Any empty line will be ignored. # will start a comment that will go until end of current line.

So a program could look like this:

# Program for converting miles to km
read miles
set kms = miles * 1.60934
print kms

What is an expression?

It's very clear what a statement is, but what is an expression?

Let's write down the possibilities. These would be enough for our simple language:

a number like 1.60934

( expression )

expression + expression

expression - expression

expression * expression

expression / expression

And we have the whole language!

Well, almost. There's just tiny problem of ambiguity. Right now the language has no idea if 3 + 4 * 5 means 3 + ( 4 * 5 ) or (3 + 4) * 5. It also doesn't know if 2 - 3 - 4 is 2 - (3 - 4) or (2 - 3) - 4.

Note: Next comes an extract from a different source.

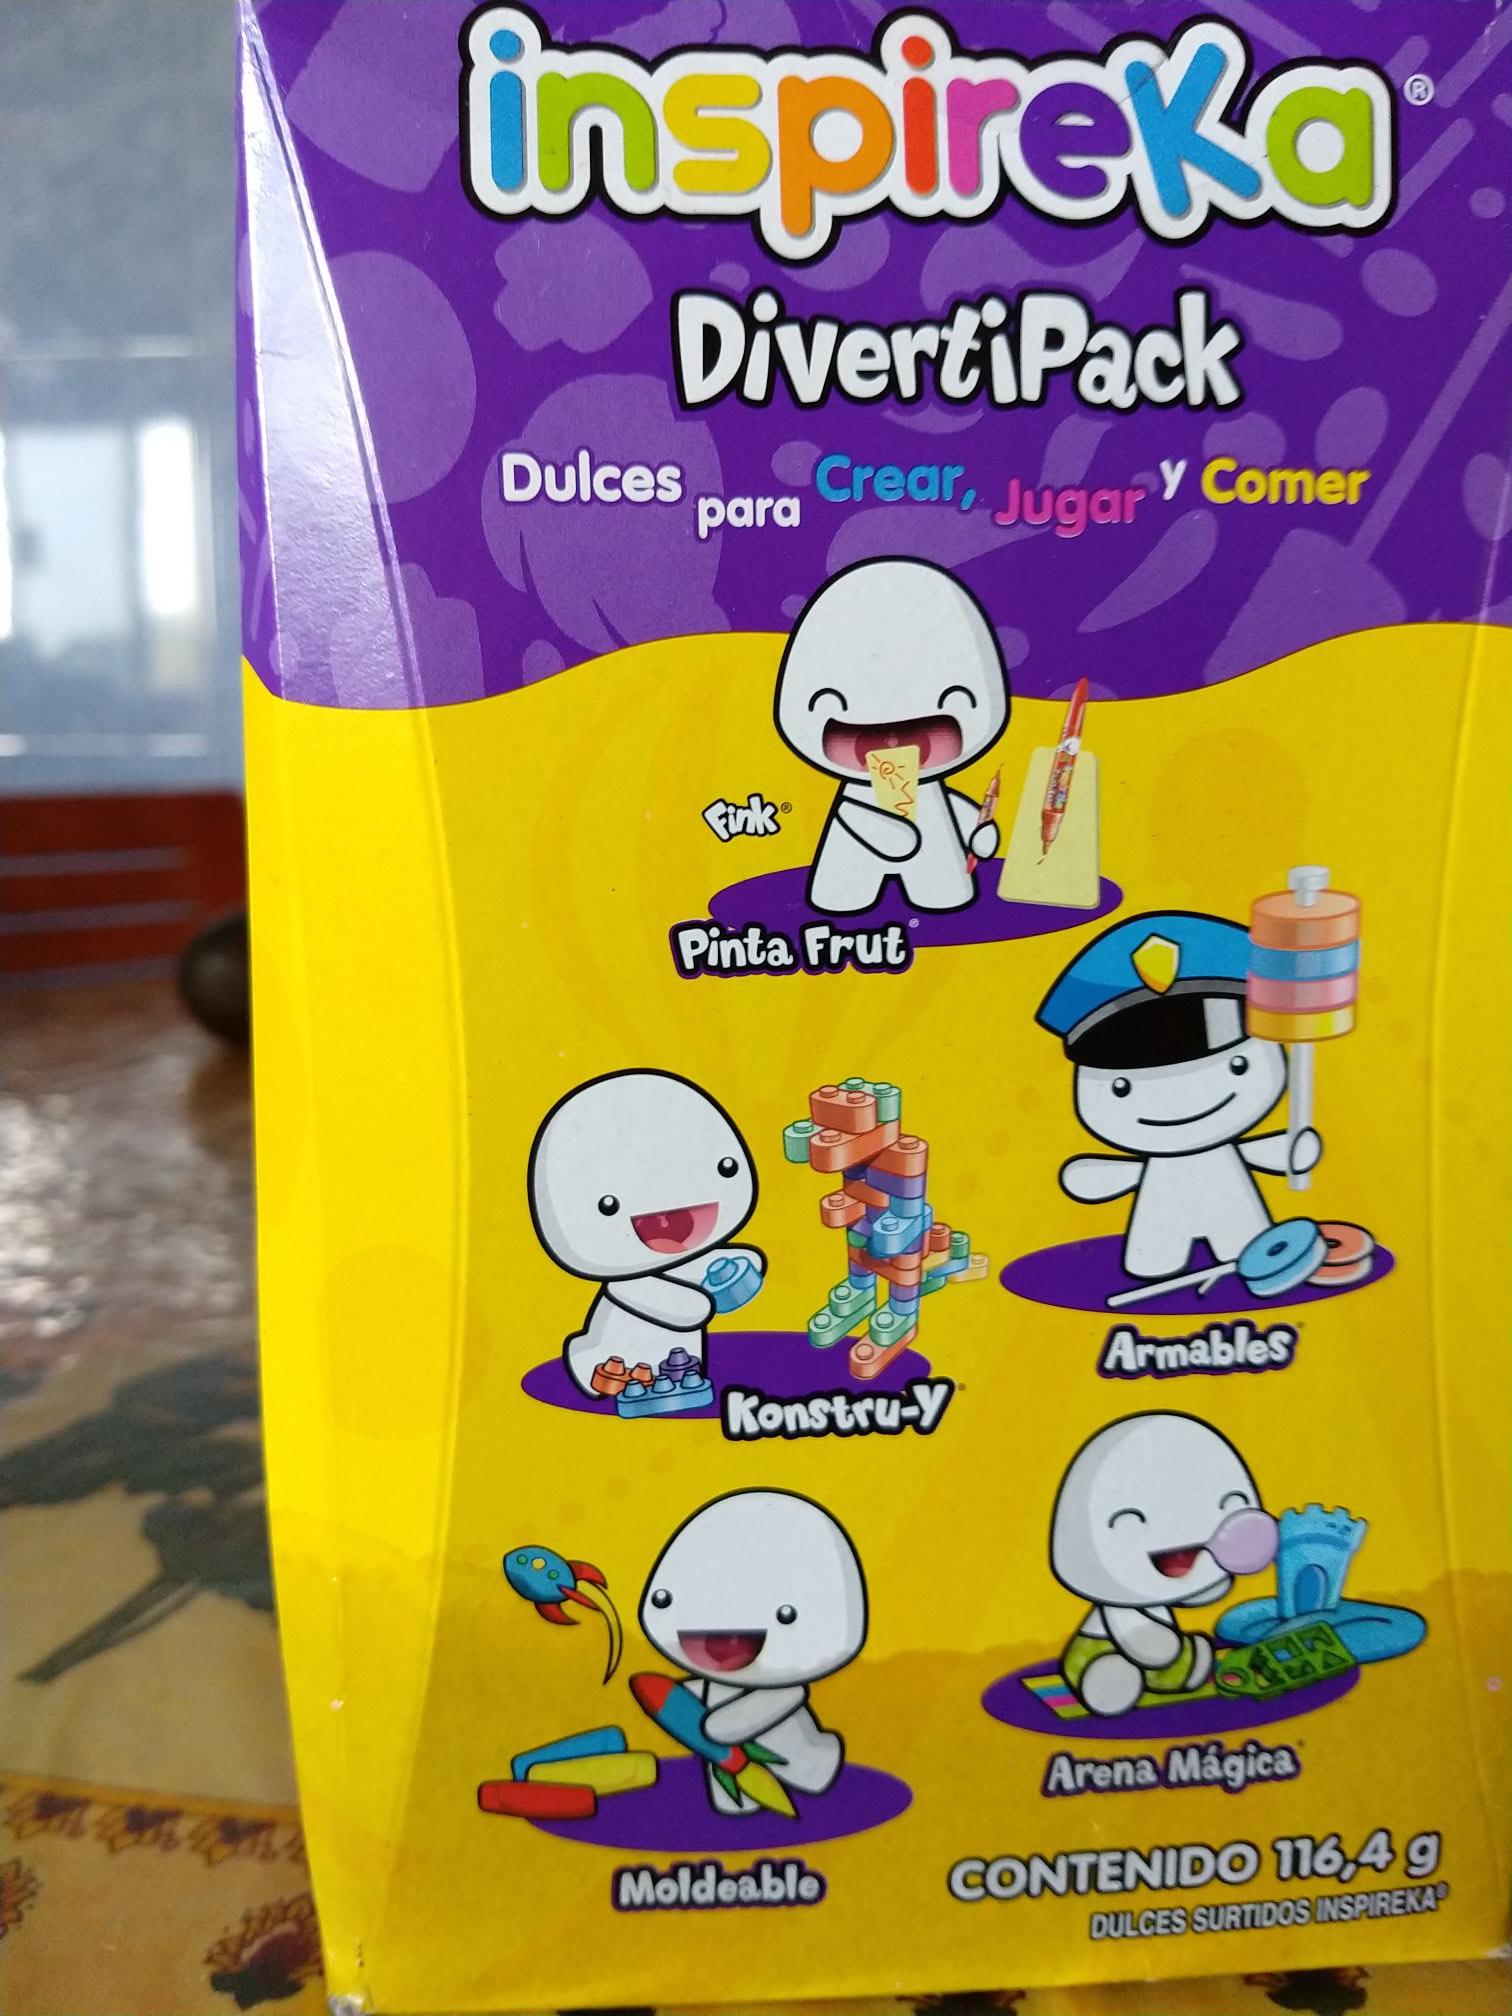 Superama Unidad Loreto Inspireka Diverti Pack en $9.80

There are two approaches to solving this in use. One is to tell our parser "operator precedence" (if + or * goes first), and for each operator its associativity (left or right or not allowed - it determines which way 2 - 3 - 4 is parsed).

The other is to rewrite grammar to get rid of such ambiguity, and that's generally the simpler approach.

Unambiguous grammar

Instead of having expression with 6 possibilities, it will now only have these:

expression + product

expression - product

product

Then product is:

product * factor

product / factor

factor

And factor is:

( expression )

number

Expressed this way, it's impossible to have ambiguities. You can verify it yourself. A product cannot possibly have anything with + on either side, unless we use parentheses, because none of the rules it refers to has +. And 2 - 3 - 4 cannot possibly mean 2 - (3 - 4) because the right side of - is a product, so it cannot have any - in it, without explicit parentheses.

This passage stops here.